# revisiting polyshades for specific reasons.



## dobro23 (May 25, 2013)

The situation is that my project is made of cheap 1/8" not real wood paneling bought from Lowes. I think it's called cinnamon beech. I decided to use it because the project involves several bends and i needed it for its light weight and flexibility. my original though was Masonite but the paneling provided some fake grain and much more flexibility. now here's the dilemma.
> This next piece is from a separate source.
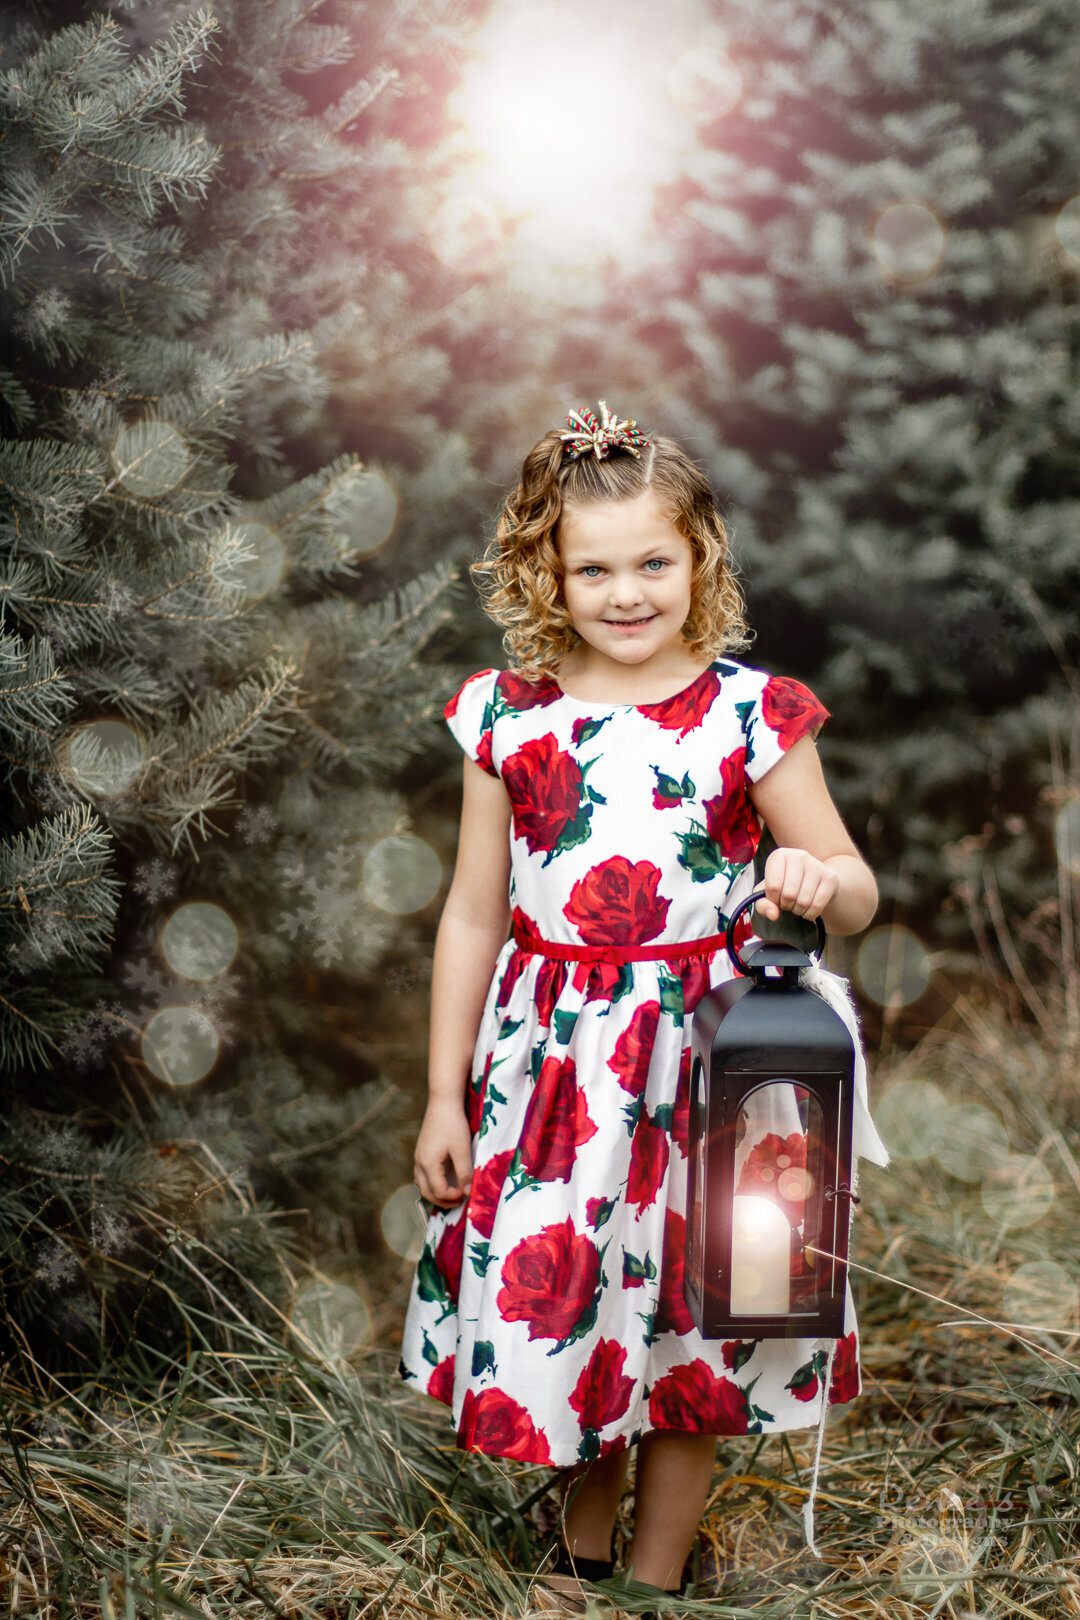 renees-photography-and-designs_christmas-tree-farm_family-children-photoshoot_new-river-valley_blue-ridge-mountains-sm--5

I need to make the paneling darker. the ONLY thing that i have found that darkens it AT ALL is Polyshades. i bought a quart and haven't applied it yet. i did put some on a 8" square of scrap of the same material and was very happy overall. seemed smooth and shiny and wondering if that's because it's going over an already applied factory finish of some sort. since such a small piece i applied it with a small cheap synthetic brush cause that's what i didn't mind ruining. the actual project is 2 4'x8' sheets of the stuff. vertical surfaces and all edges trimmed with cheap ugly pine boards that are also bent. its the grain gets hidden its not a but deal but i would still LIKE do have a decently even colored finish. I found that if i lightly sad the paneling i can actually scratch through the "photo grain" layer. and i am afraid that the cheap pine is so cheap that it would look miserable ( which isn't bad really in this case) if i used regular stain. I was hoping that Polyshades might be the answer to both problems here. 1 being getting something to color the prefinished NOT wood paneling and 2 being trying to get the pine and paneling colors to be similar and even. I have a moderate amount of finishing skill and usually get acceptable results brushing or wiping on finishes. I own a cheap HVLP sprayer but have NEVER used it. seems to me that this might be a good chance to try it out. the Polyshades *seems* too thick but i don't know if that's true. how would i thin the Polyshades and how do i know when it's thin enough? looking for any tips and tricks that anyone has in the next day or two. I'm probably going to apply the stain tomorrow or Monday. thanks all in advance! wish me luck!


----------



## wormil (Nov 19, 2011)

It's oil based, you can thin with mineral spirits.


----------



## pmayer (Jan 3, 2010)

In my limited experience with Polyshades I have found it to be a miserable product to brush (blotching an sagging on vertical surfaces) but performs much better when sprayed. I bought a cheap HVLP gun specifically to try to improve the quality of finish with PS and I was able to achieve decent results. I thinned it about 10% using mineral spirits.


----------



## CharlieM1958 (Nov 7, 2006)

You're probably sailing in uncharted waters here. I'm surprised the polyshades even adheres to the faux paneling. I agree with Paul, though, that spraying is probably your best bet. I would try a mixture of around 20% mineral spirits.


----------



## knotscott (Feb 27, 2009)

Polyshades can work, but it's tough to get a great finish with. I'd thin to slow the setup time, and try very hard not to rebrush.


----------



## a1Jim (Aug 9, 2008)

If I were going to set up a challenge for some one to prove they are a great finisher I would have them try and get a good finish with the products and material your using to make as tough as possible. IMO polyshades is a poor product then your trying to apply it to a panel with a photo grain plus troublesome pine . First I would take out your spray unit and practice using it by just using water on car board or what ever you have. If you can use something other than your Photo grain panel I would think about that,if not I would try spraying some dewaxed shellac on the panel and the pine (do a test on your scrap piece) then buy some General finishes dye/finish and spray it on your project.


----------



## redSLED (Mar 21, 2013)

Good luck with your results! Look forward to knowing how it turned out.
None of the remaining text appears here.